Try it
Word for word, restate the lines of the data below between those holding "Picture of Begin jou eie groentetuin" and "Clarion-Congress-Hotel-Prague", inclusive; pictures do not belong in the copy.

Supplied data
=== Begin Enclosure ===
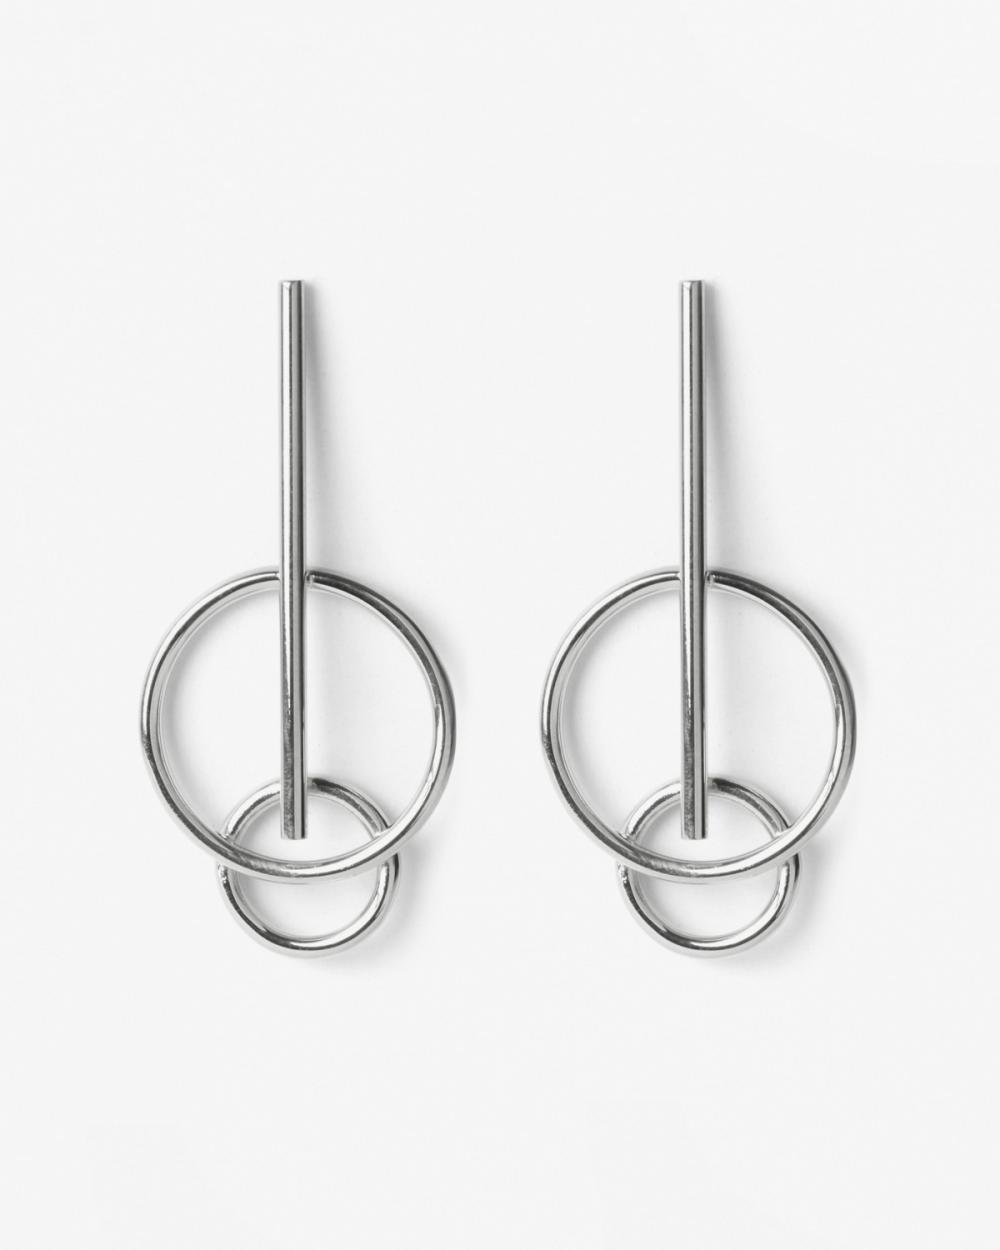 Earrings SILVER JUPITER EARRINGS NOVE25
=== End Enclosure ===
=== Begin Enclosure ===
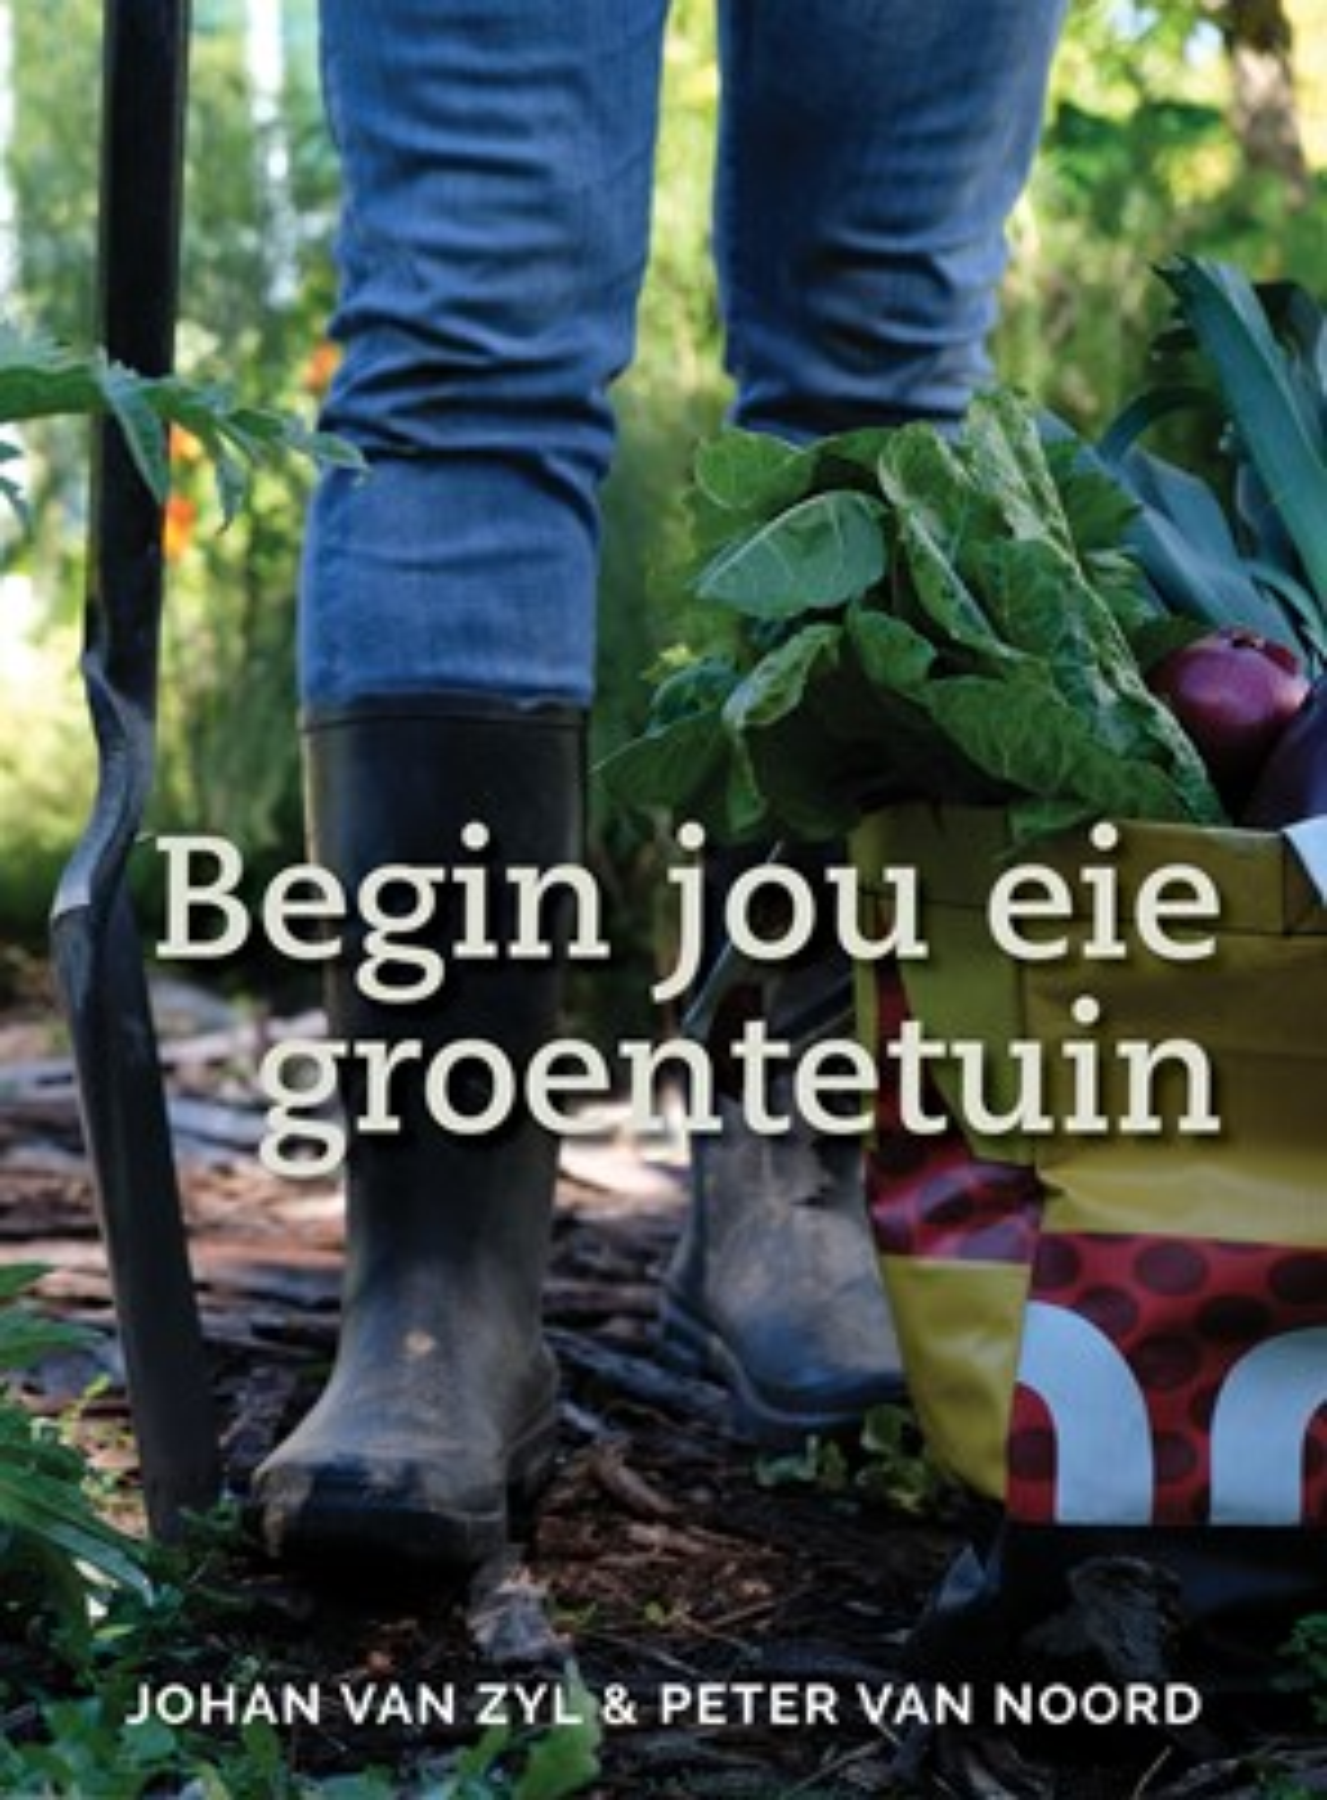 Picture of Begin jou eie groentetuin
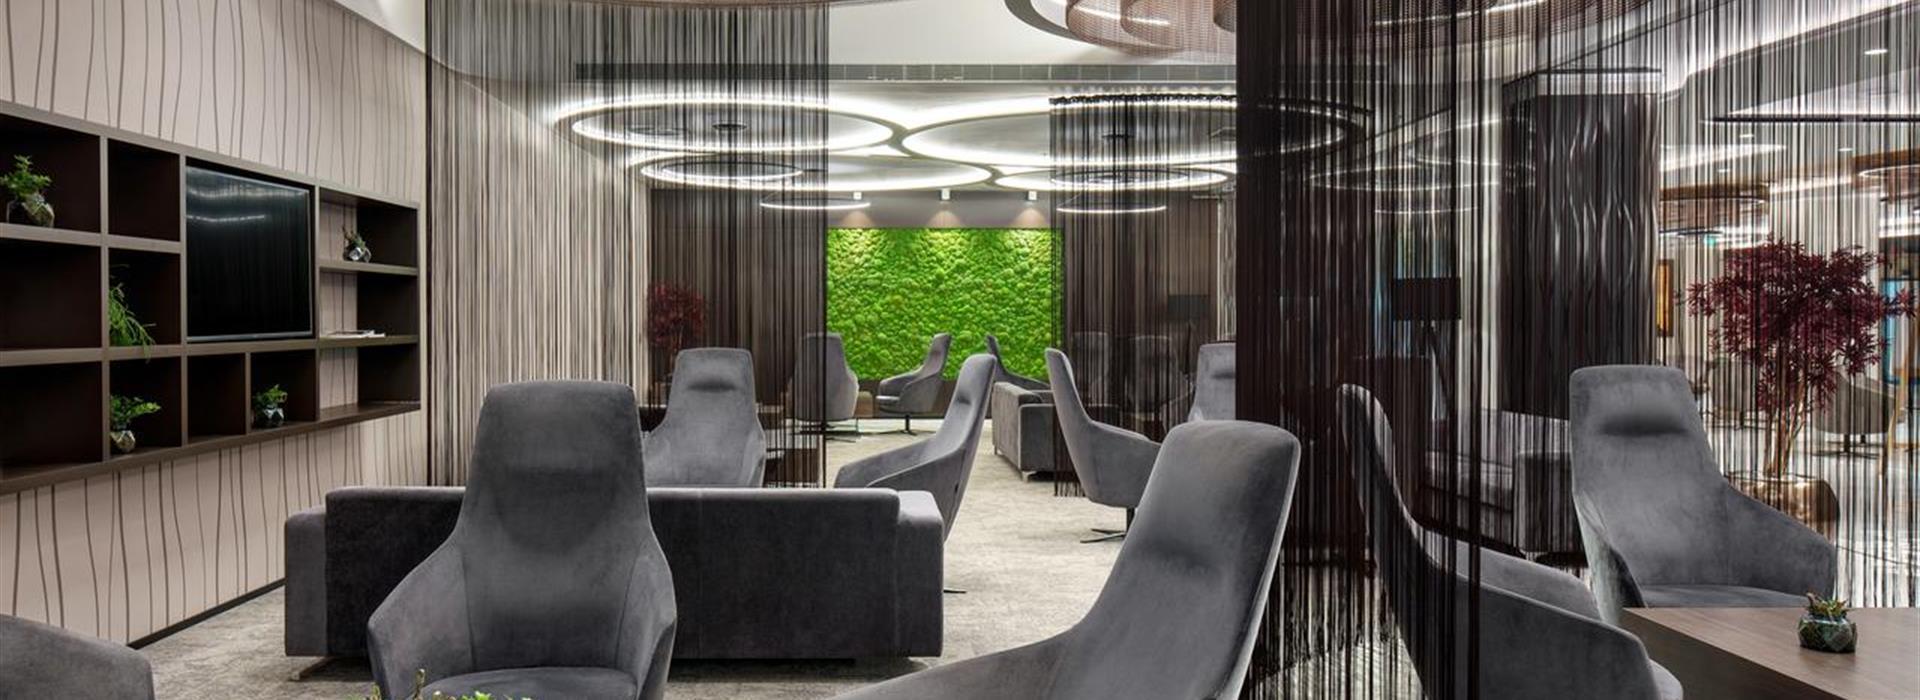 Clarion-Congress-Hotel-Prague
=== End Enclosure ===
Expected answer
 Picture of Begin jou eie groentetuin
 Clarion-Congress-Hotel-Prague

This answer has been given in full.